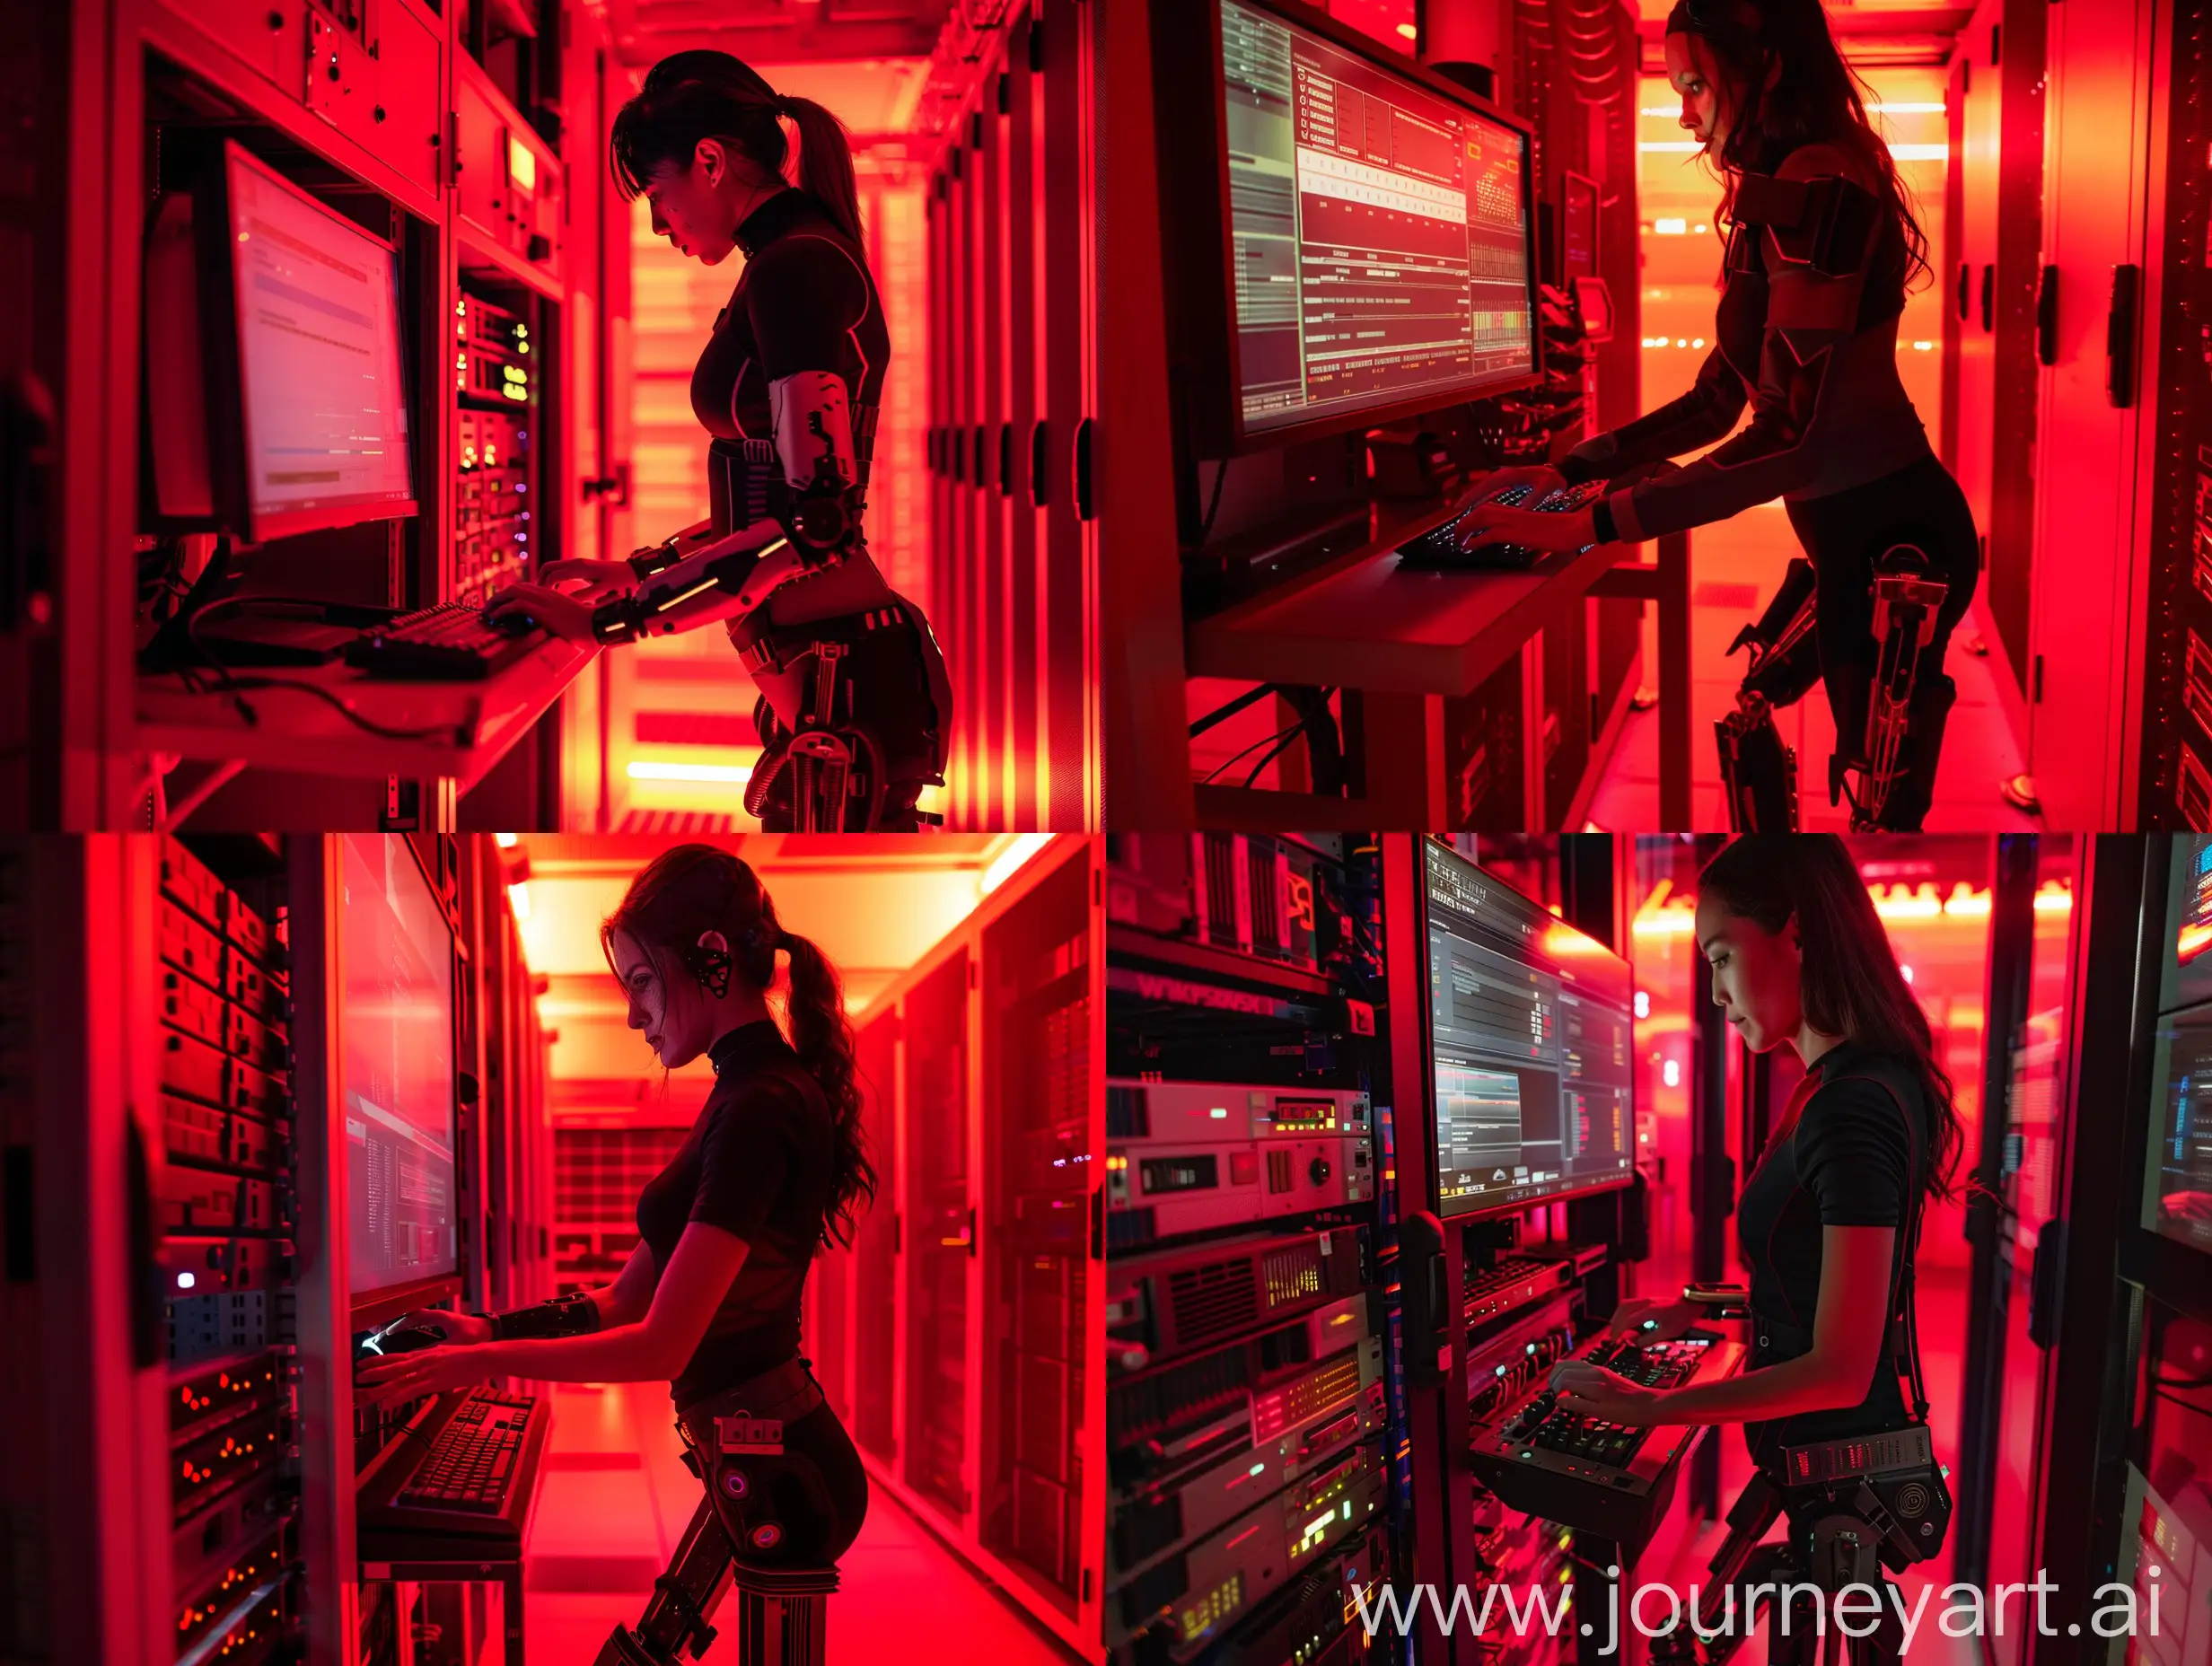 cinematic symmetrical scene, we see a woman from a medium distance, cyberpunk woman with prosthetic mecha legs, she is standing, she is typing on a computer, the computer have a large screen, the set is a server room, a red light colors the set
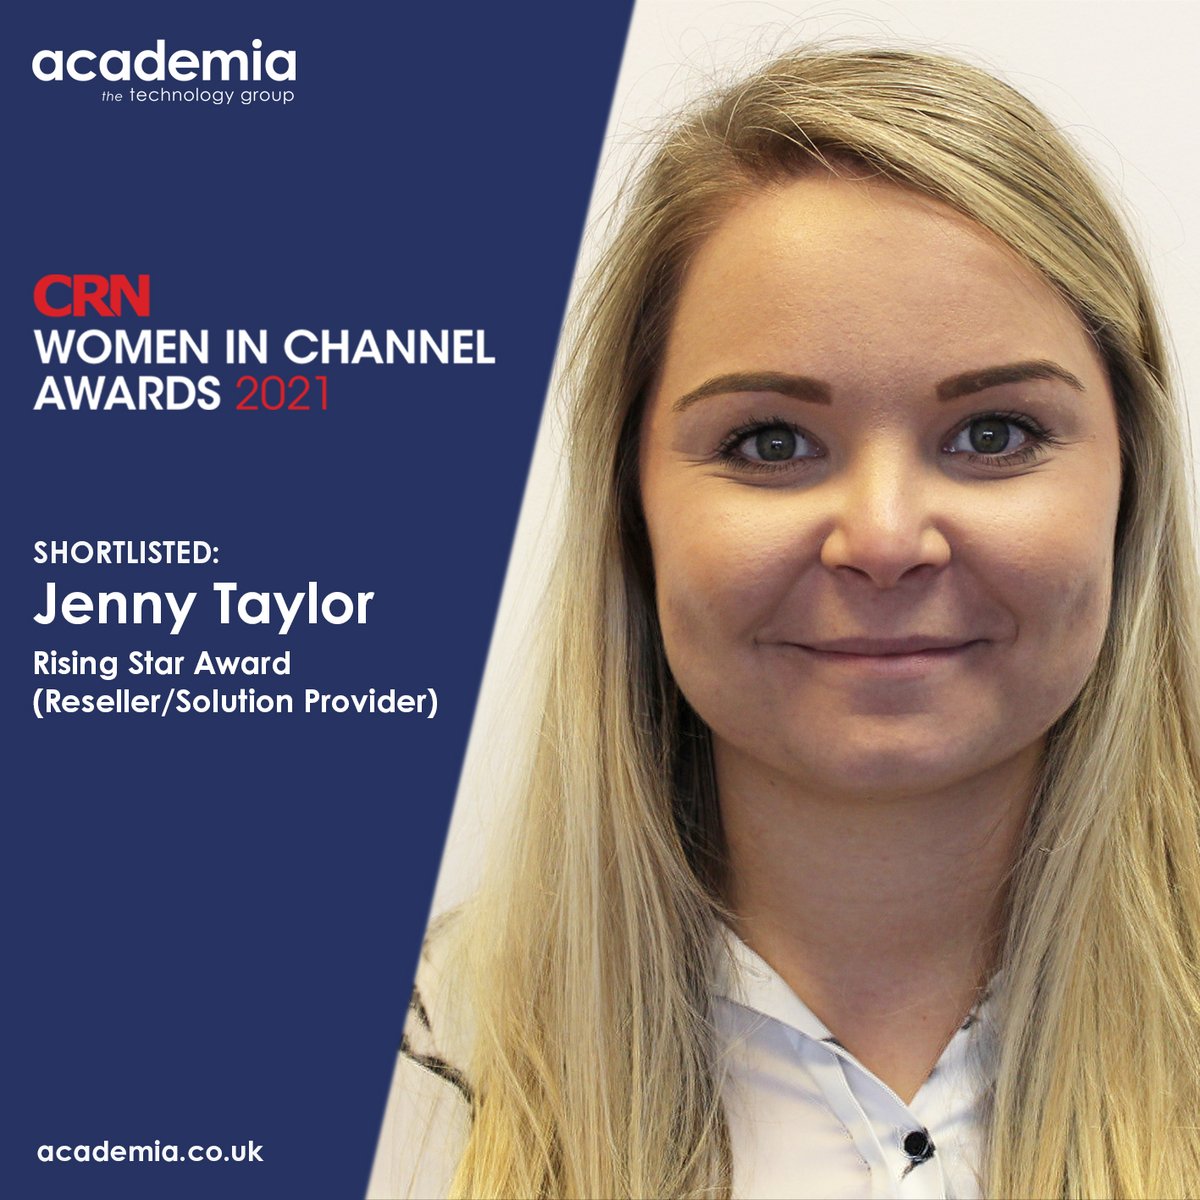 Good luck to Jenny Taylor who has been shortlisted for ‘Rising star award’ at the CRN Women in Channel Awards 2021.

#WomeinChannel #CRN https://t.co/GbAVzIJgR8

===

Return the listing above unaltered, omitting its pictures.

§ **Result of this task**
 cinematic symmetrical scene, we see a woman from a medium distance, cyberpunk woman with prosthetic mecha legs, she is standing, she is typing on a computer, the computer have a large screen, the set is a server room, a red light colors the set
 Good luck to Jenny Taylor who has been shortlisted for ‘Rising star award’ at the CRN Women in Channel Awards 2021.

#WomeinChannel #CRN https://t.co/GbAVzIJgR8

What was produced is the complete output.